From: John Maddock (john_at_[hidden])
Date: 2004-07-24 05:57:50
> This macro (and its friend BOOST_LITTLE_ENDIAN) definition appears in
> boost/detail/limits.hpp. However, that file is included only if
> boost/limits.hpp does not detect the standard <limits>. Thus, it does
> not get defined for more standard compilers.
> The serialization library makes use of this macro (in a test), so I
> wonder how it works on standard compilers.
> I could use the ENDIAN macros in some of my code to provide compile time
> performance options (linux provides something similar). Is it possible
> to move the ENDIAN macros into some other header so that they are more
> easily obtained, and also do not force including a limits workaround?

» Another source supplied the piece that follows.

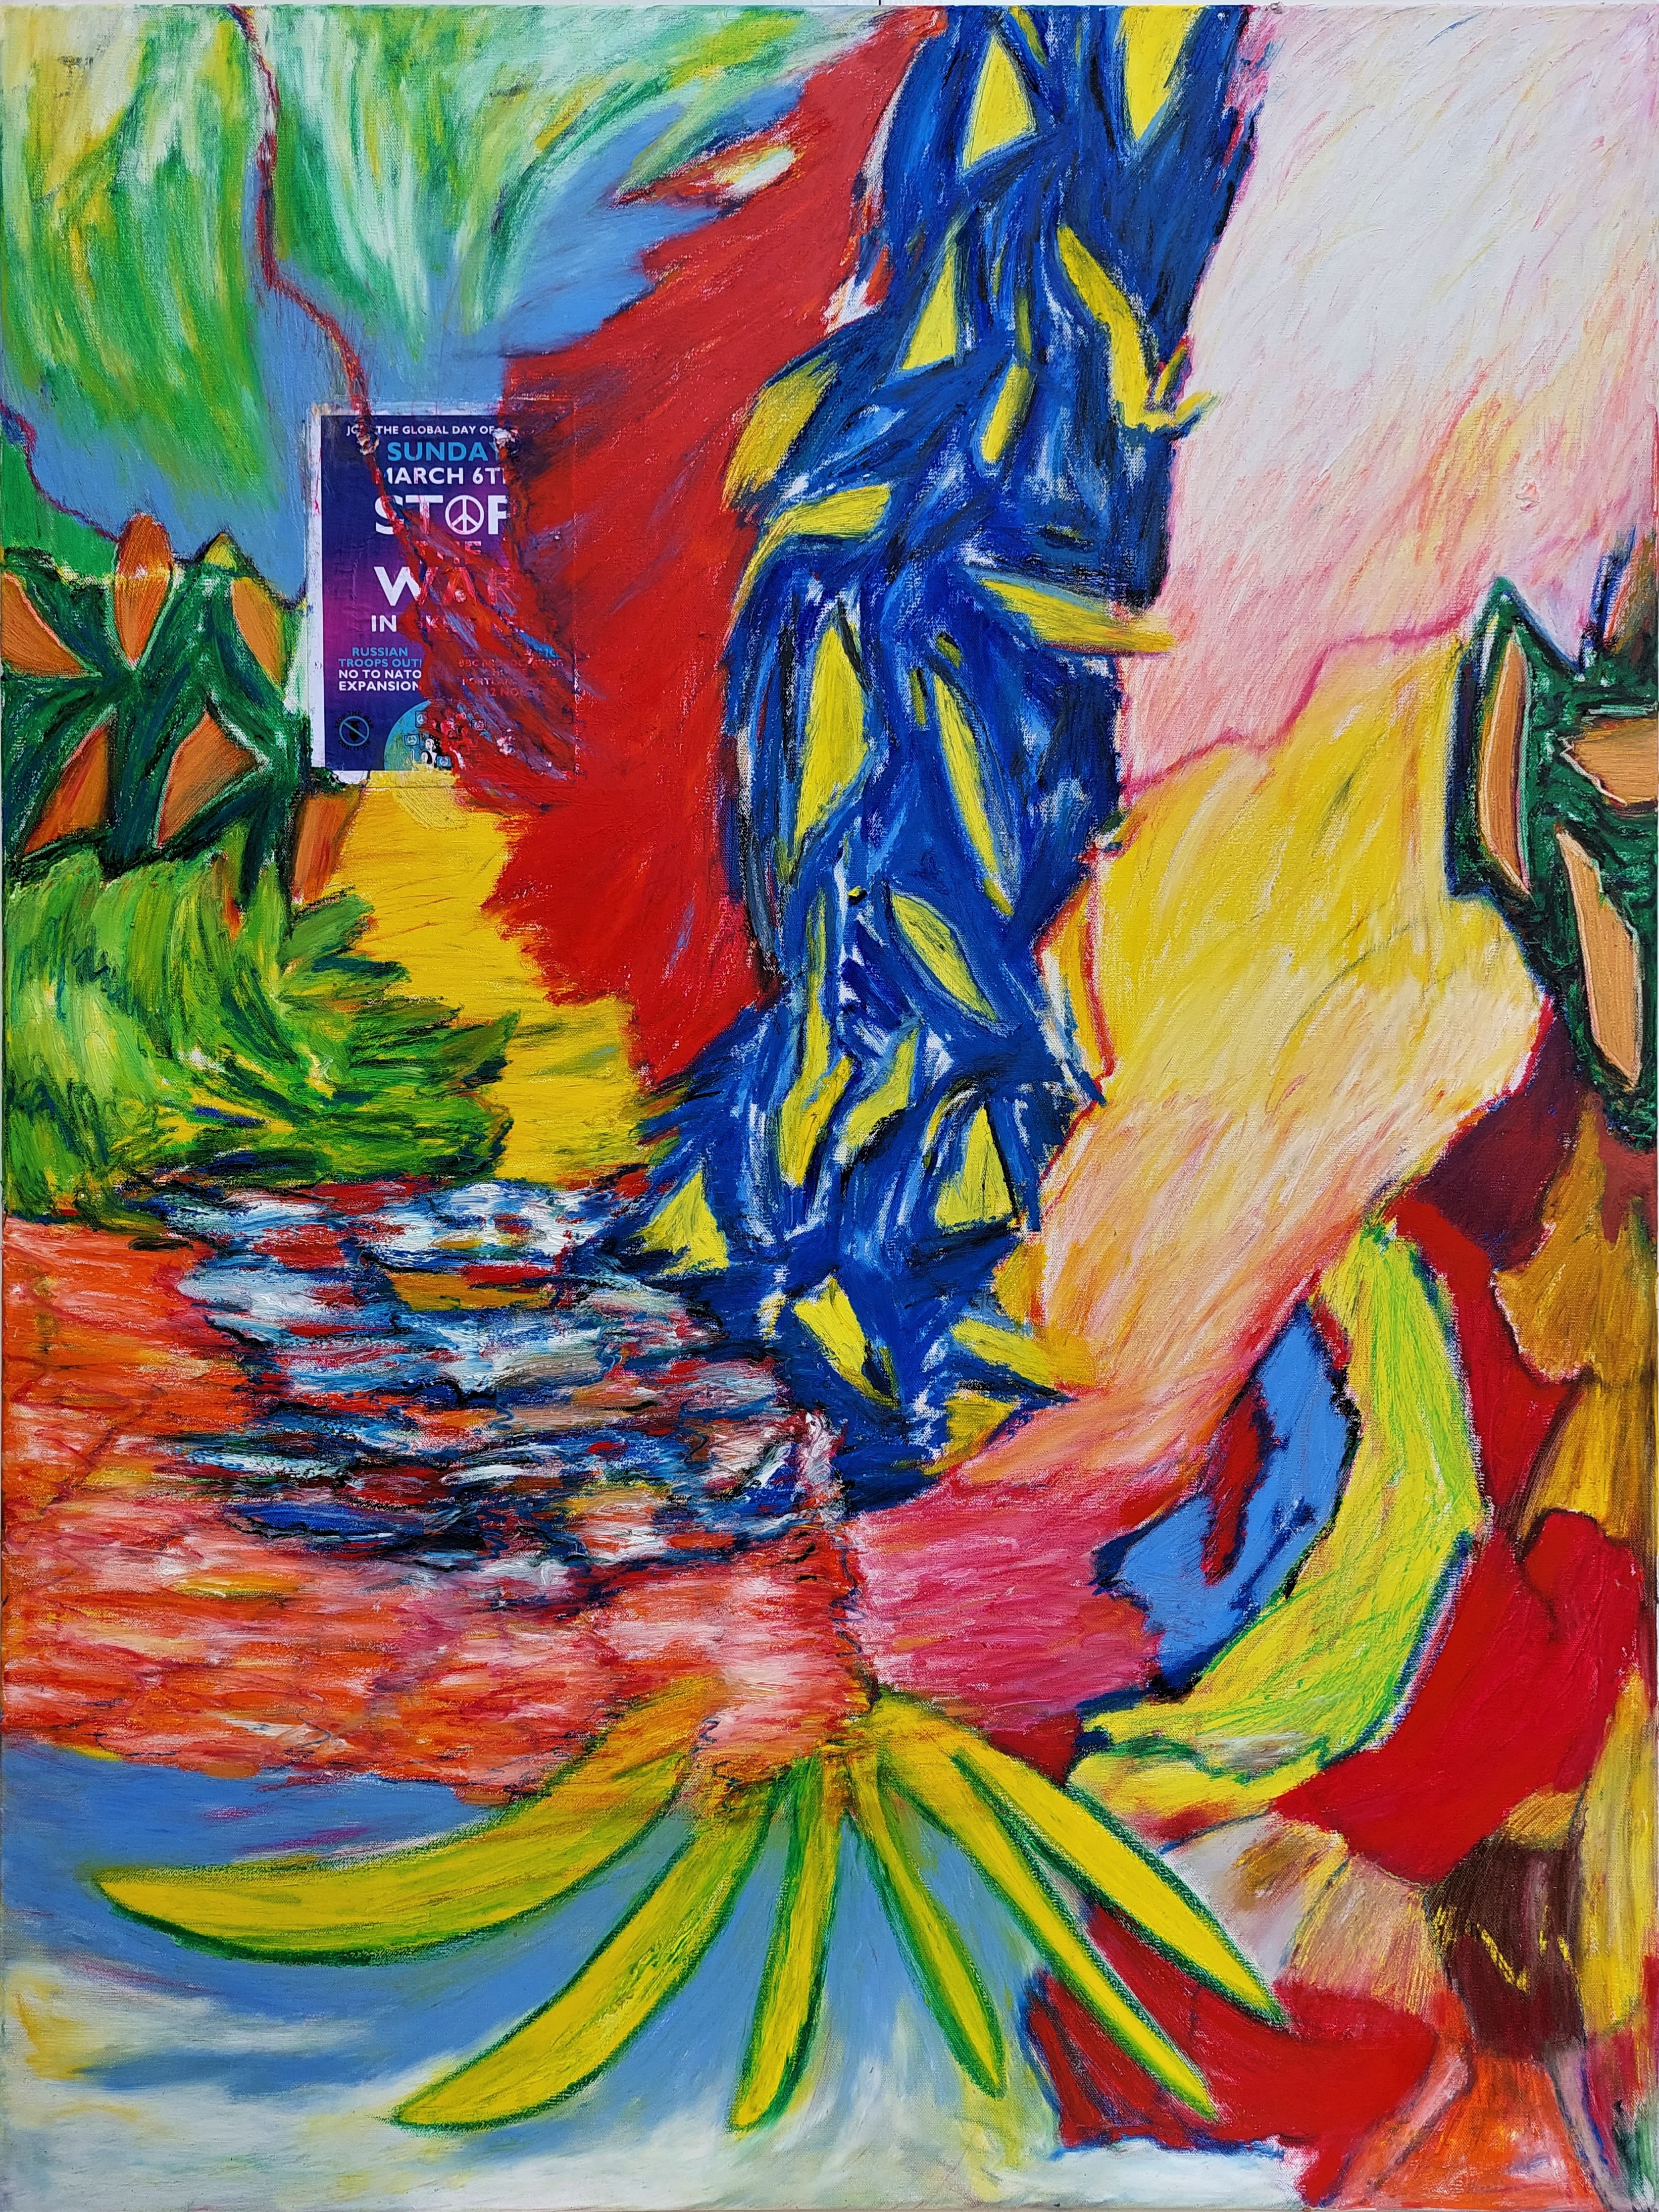 Colourful, abstract painting with a poster saying 'stop the war' glued onto it in the top left corner.

> I also imagine if they were actually included in more compilations, that
> they could get checked for correctness and the maintenance of newer
> platforms would increase.
I think this one has come up before: in general there is no way tell what
the endianness is without doing a runtime test, there's also the problem
that there are more than two orderings possible, for example
for 4 byte types the byte ordering could be any of:
1 2 3 4
4 3 2 1
2 1 4 3
3 4 1 2
throw in 8 or 16 byte types, plus floating point types, and things get
BTW, if you need the endianness in a test, then it is much easier to
determine the byte ordering of a type at runtime than at compile time IMO.
Sorry to complicate things for you again!